Таким был защитник Отрара Инальчик-Каир-хан, который полгода держался против осаждающих; обезоруженный, он под конец отбивался одними кирпичами и был схвачен врагами. Чингиз-хан натешился над таким упорным противником, приказал влить в глаза и уши Инальчик-хана расплавленное серебро…
Защитник Ходжента Тимур-Мелик мужественно бился с монголами, а после падения города он участвовал в героической защите Ургенча, и далее, вплоть до своей трагической смерти, тоже в мучениях, боролся с жестокими захватчиками.
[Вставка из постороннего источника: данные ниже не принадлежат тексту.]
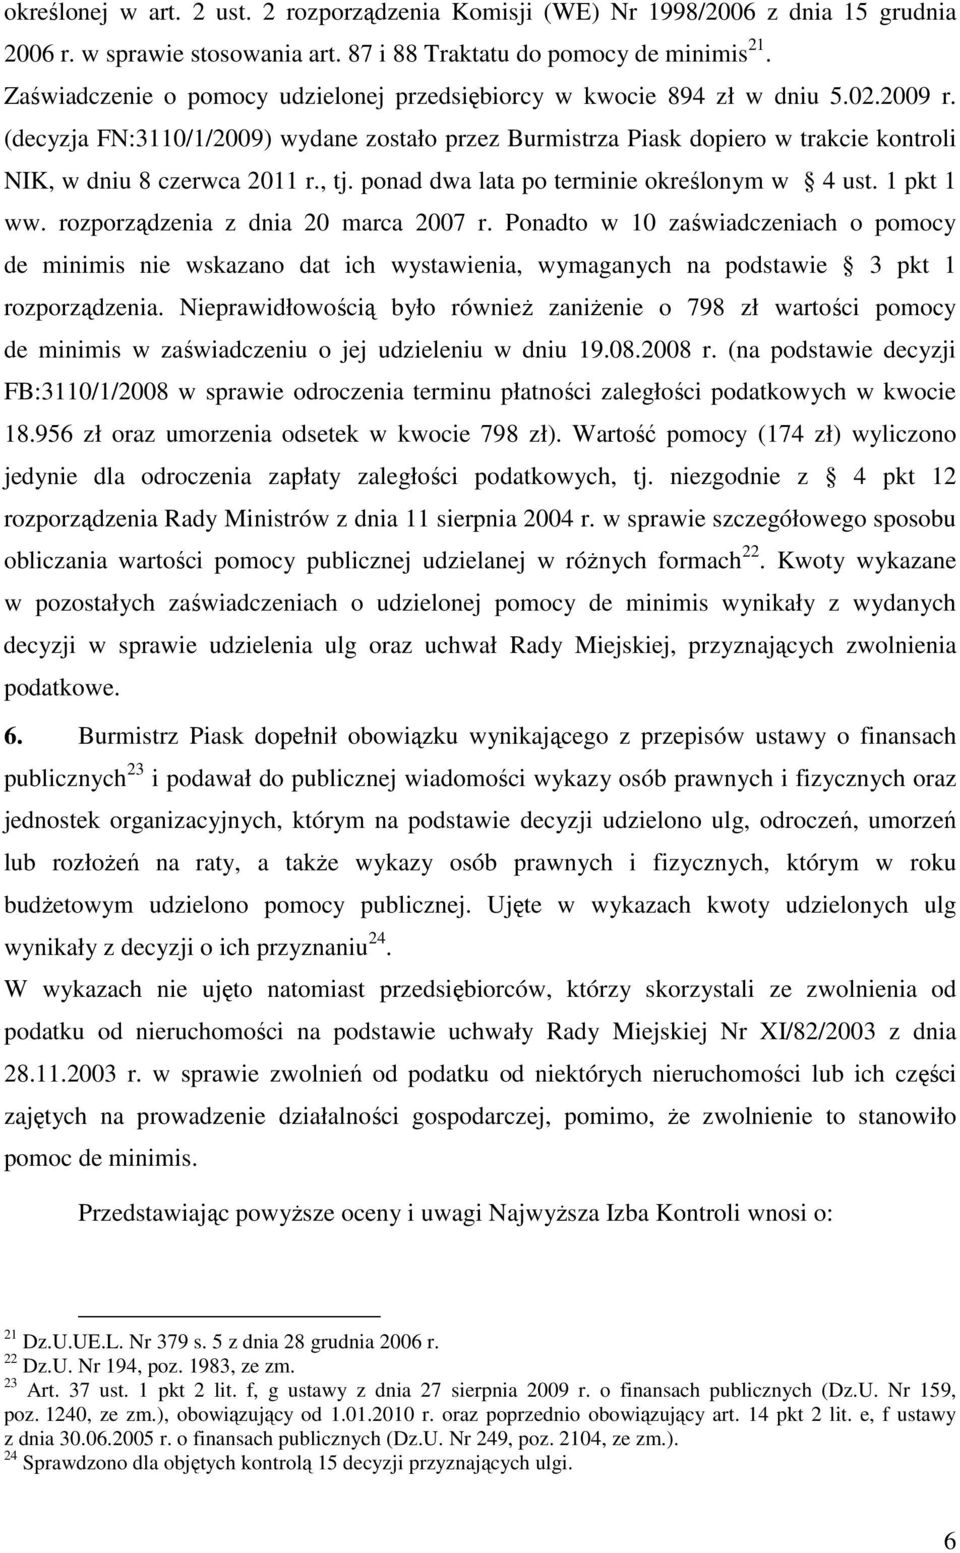 (decyzja FN:3110/1/2009) wydane zostało przez Burmistrza Piask dopiero w trakcie kontroli NIK, w dniu 8 czerwca 2011 r., tj. ponad dwa lata po terminie określonym w 4 ust. 1 pkt 1 ww.

О борьбе жителей Ургенча с осаждающими монголами нельзя говорить без чувства глубочайшего уважения к его защитникам. К сожалению, мы не знаем их имен, но пример жителей огромного города, бесстрашно сражавшихся с завоевателями, — образец для нынешних поколений среднеазиатских народов, напоминает, какие у них были героические предки…
Один из самых светозарных героев народов Средней Азии — Джелаль эд-Дин, получивший торжественное звание «последнего Хорезм-шаха», тогда, когда Великого Хорезма уже не существовало, а были только истерзанные, ограбленные монголами провинции с разбежавшимся населением… он зажег в горах сигнальные огни, призвав добровольцев к борьбе, и возле него стала возникать армия. В битве при Перване хорезмийцы Джелаль эд-Дина разгромили войско монгольского хана Шики-Хуту-Хо… Джелаль эд-Дин призывал местных феодальных правителей объединиться, чтобы общими силами изгнать завоевателей. Но, занятые пограничными ссорами, ханы не хотели поставить перед собой единую великую задачу освобождения Родины и были поодиночке покорены монголами… По преданиям, Джелаль эд-Дин долго скитался, призывая к борьбе, пока не был предательски заколот во сне вероломным убийцей…»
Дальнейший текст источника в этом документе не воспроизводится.